*** Given material

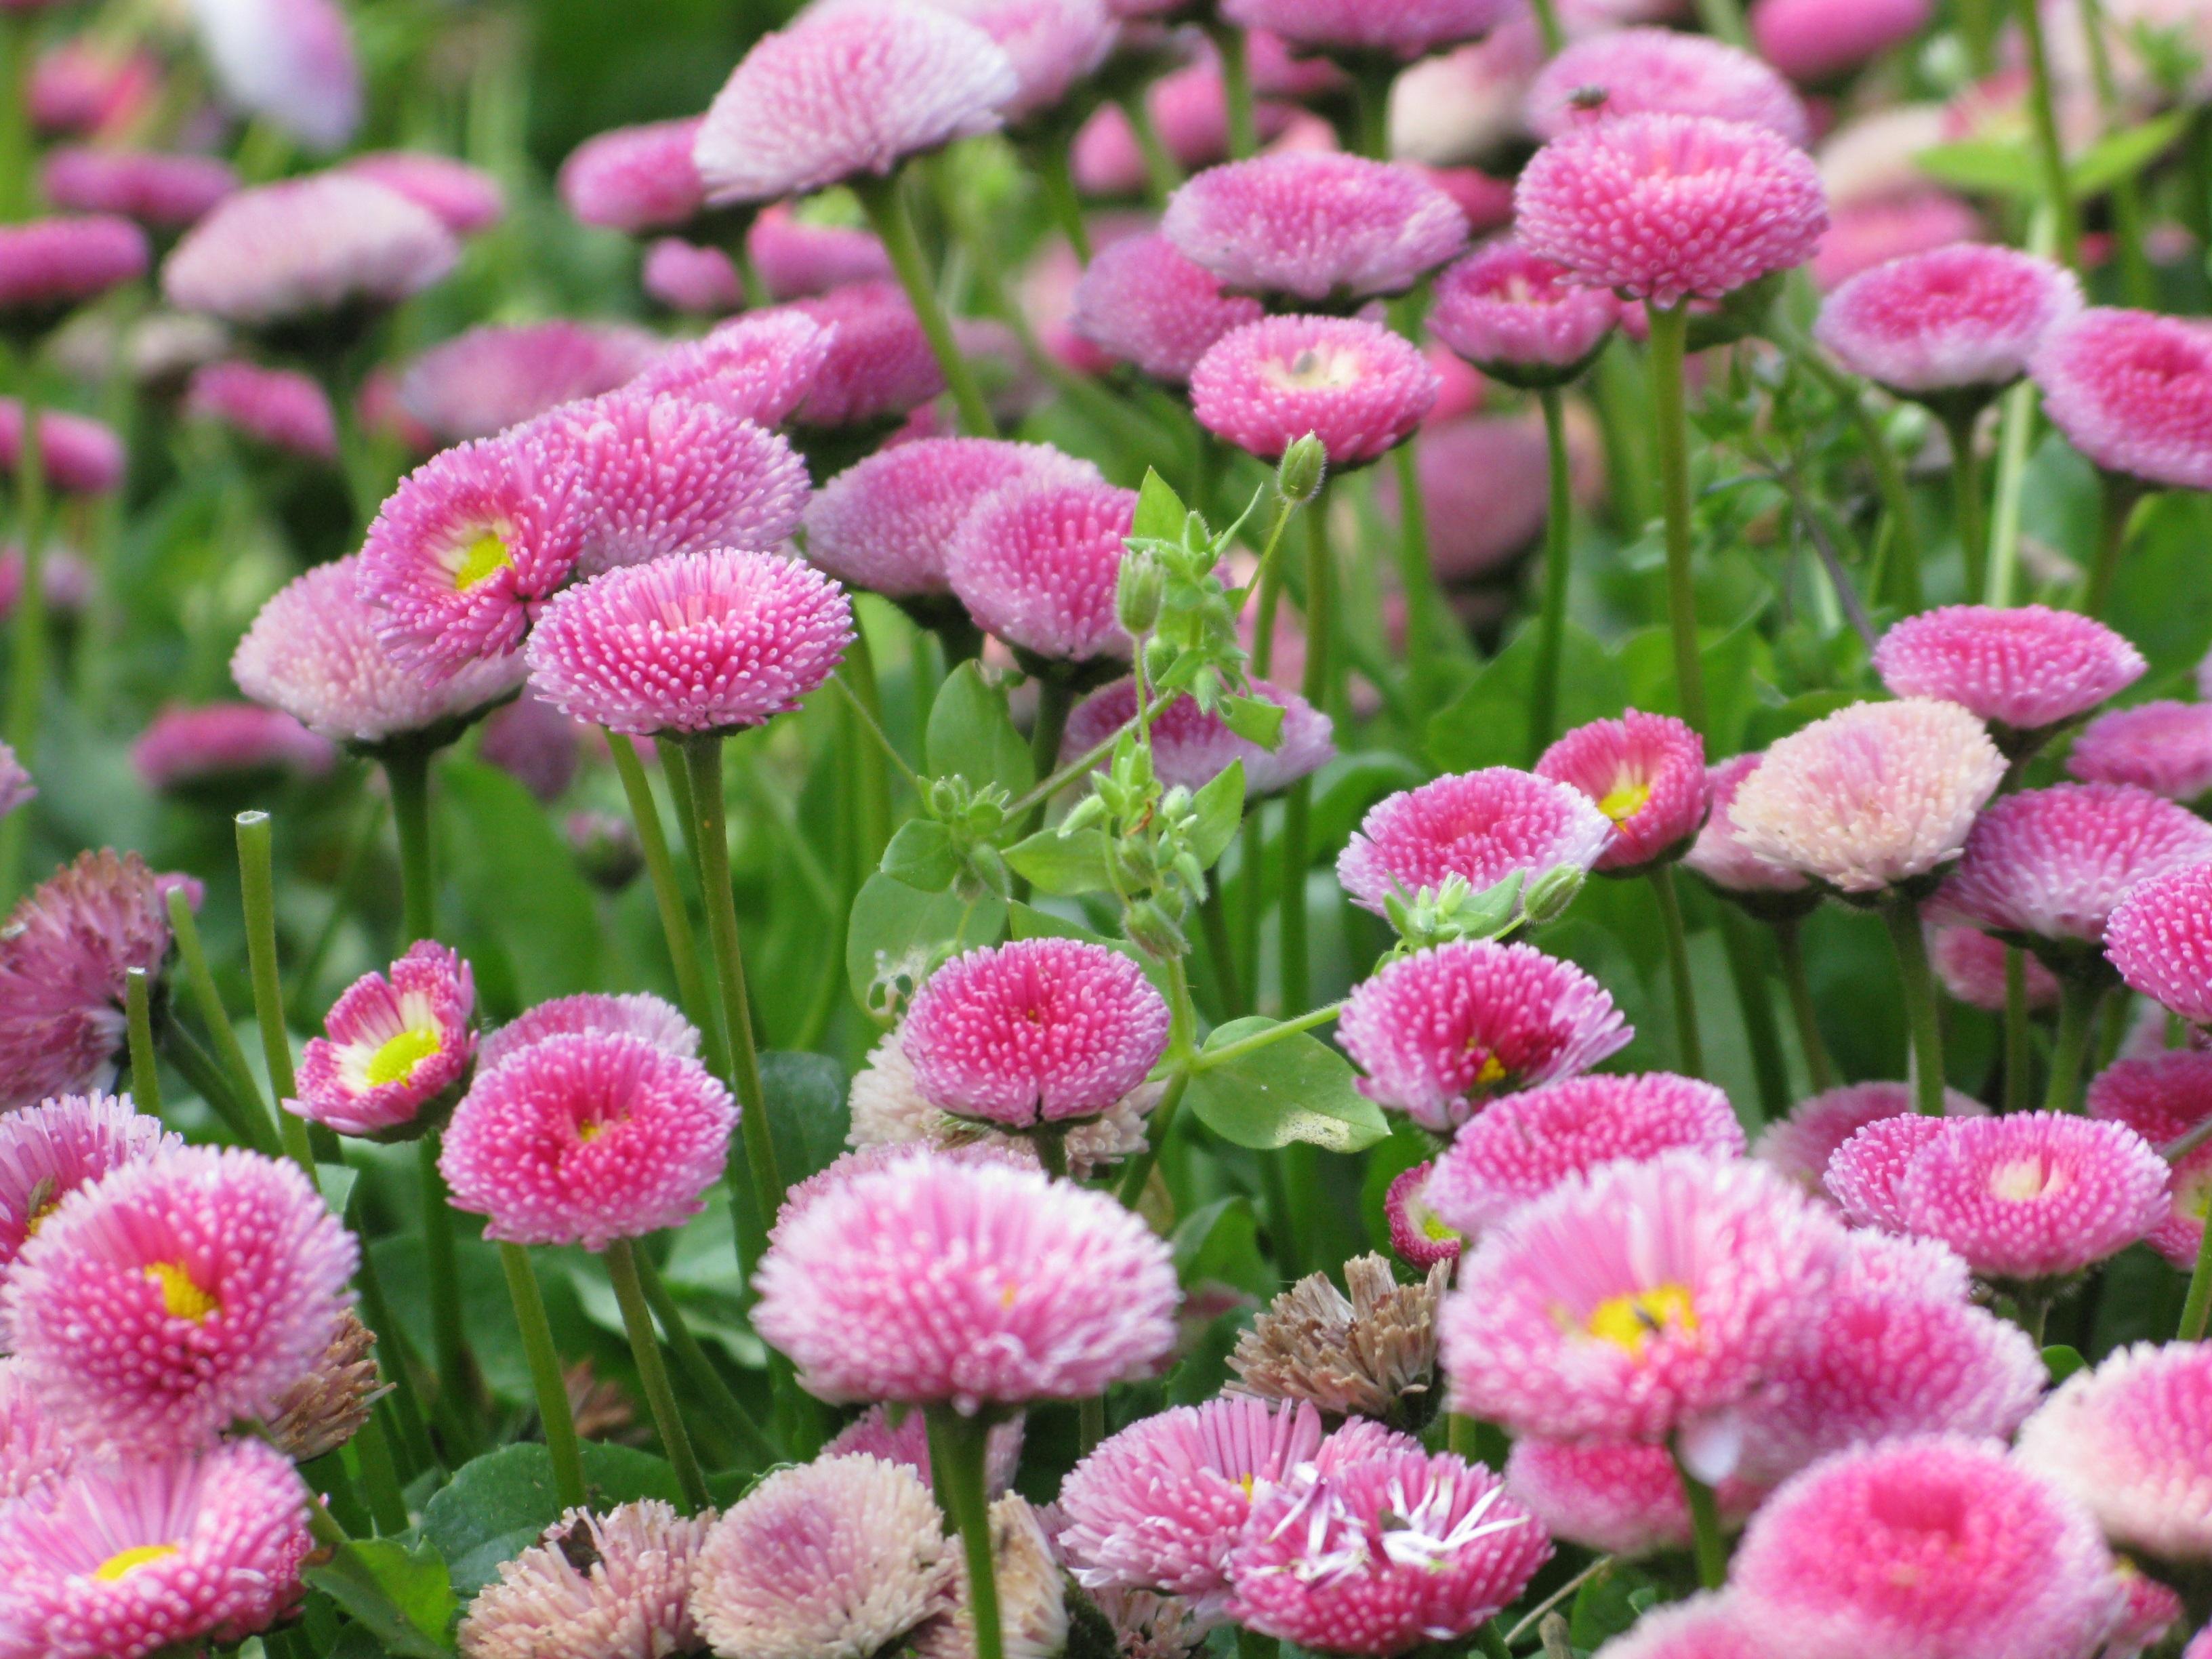 маргаритка весна красна фото никому формально принадлежит
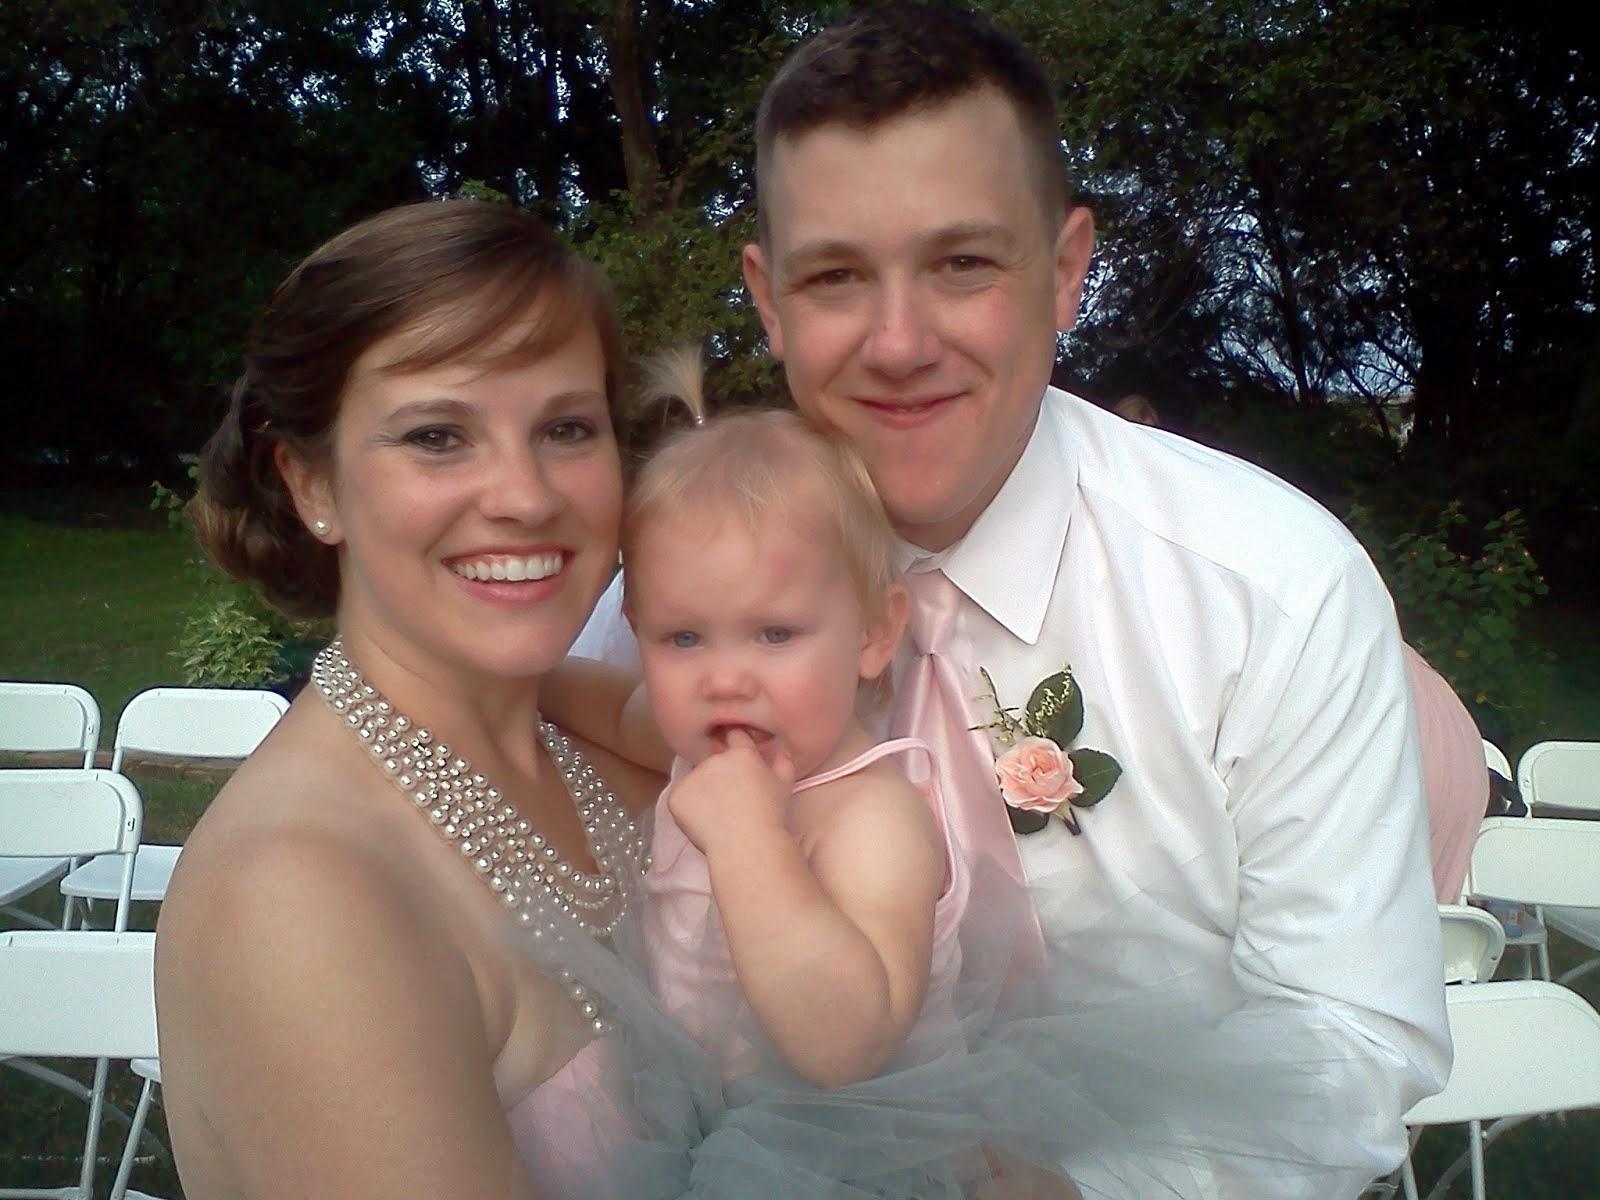 Family, Fall 2012
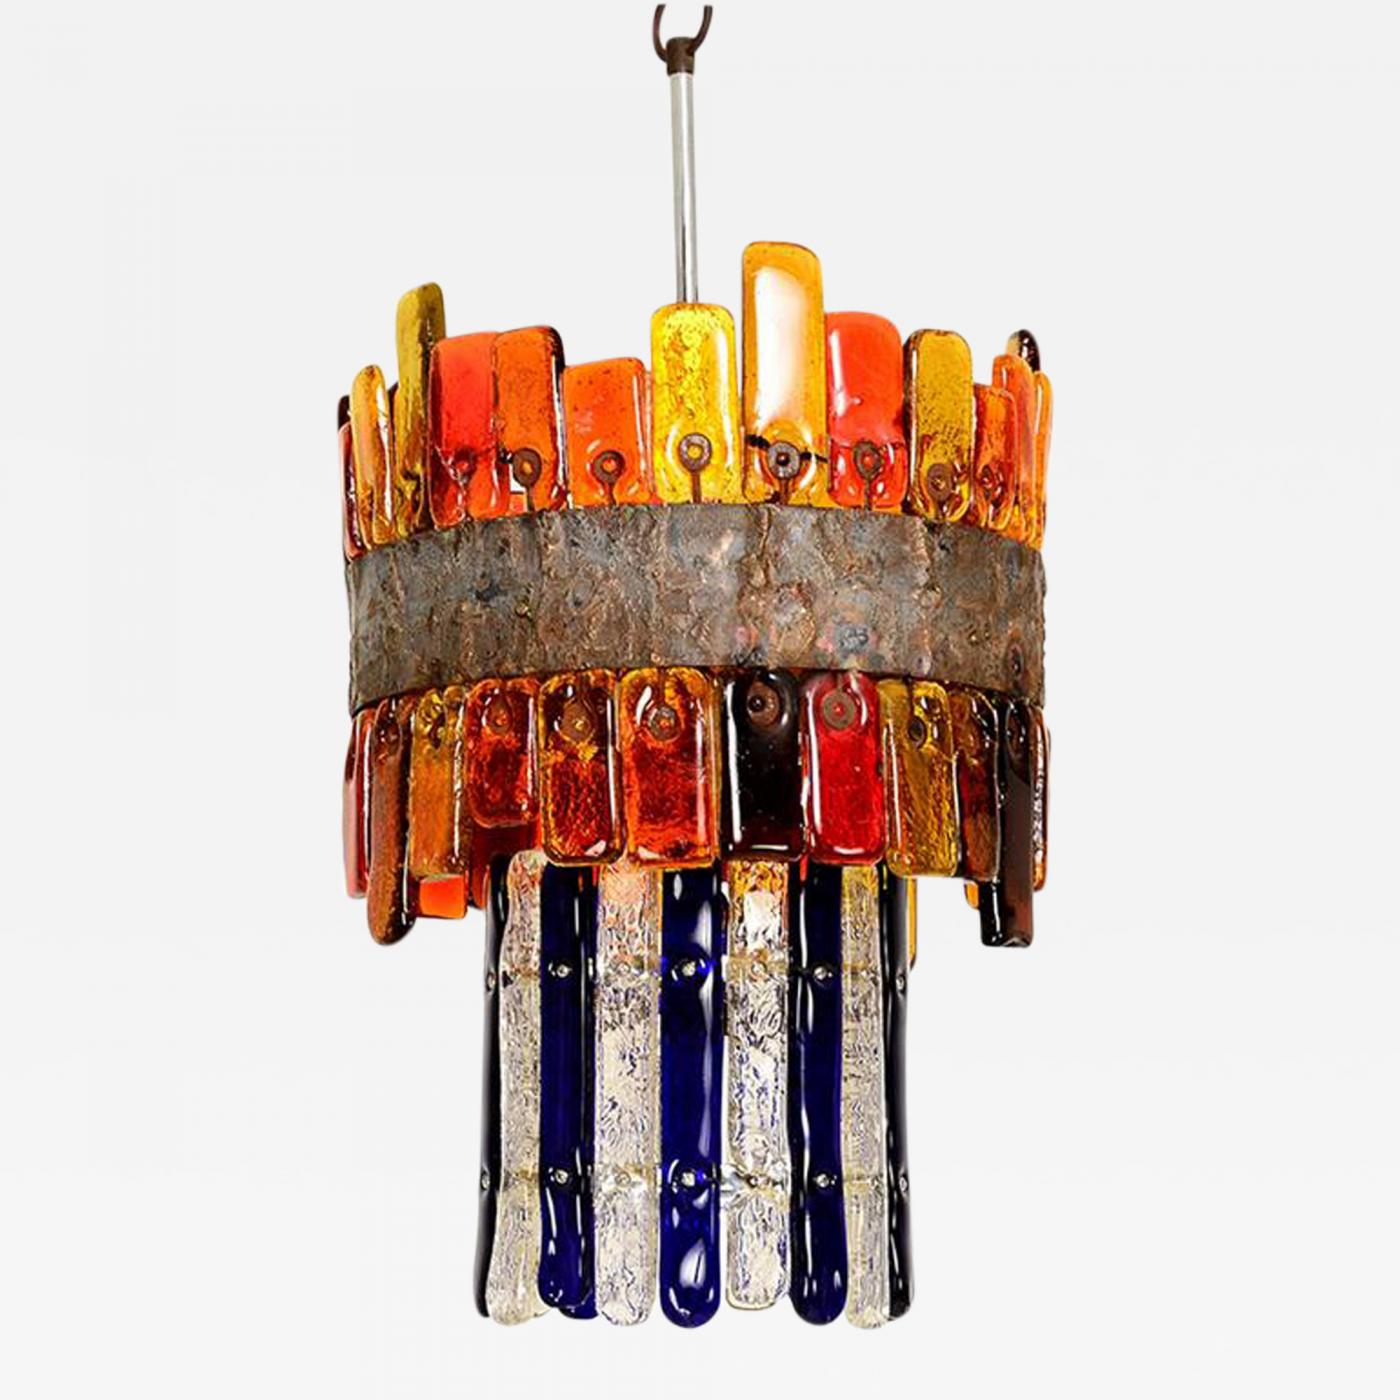 Feders feders handblown chandelier listings furniture lighting chandeliers and pendants feders feders handblown chandelier mozeypictures Images

******

* Aim of the exercise *
Start to finish, write out the data above exactly, omitting all pictures.

* Result of the task *
 маргаритка весна красна фото никому формально принадлежит
 Family, Fall 2012
 Feders feders handblown chandelier listings furniture lighting chandeliers and pendants feders feders handblown chandelier mozeypictures Images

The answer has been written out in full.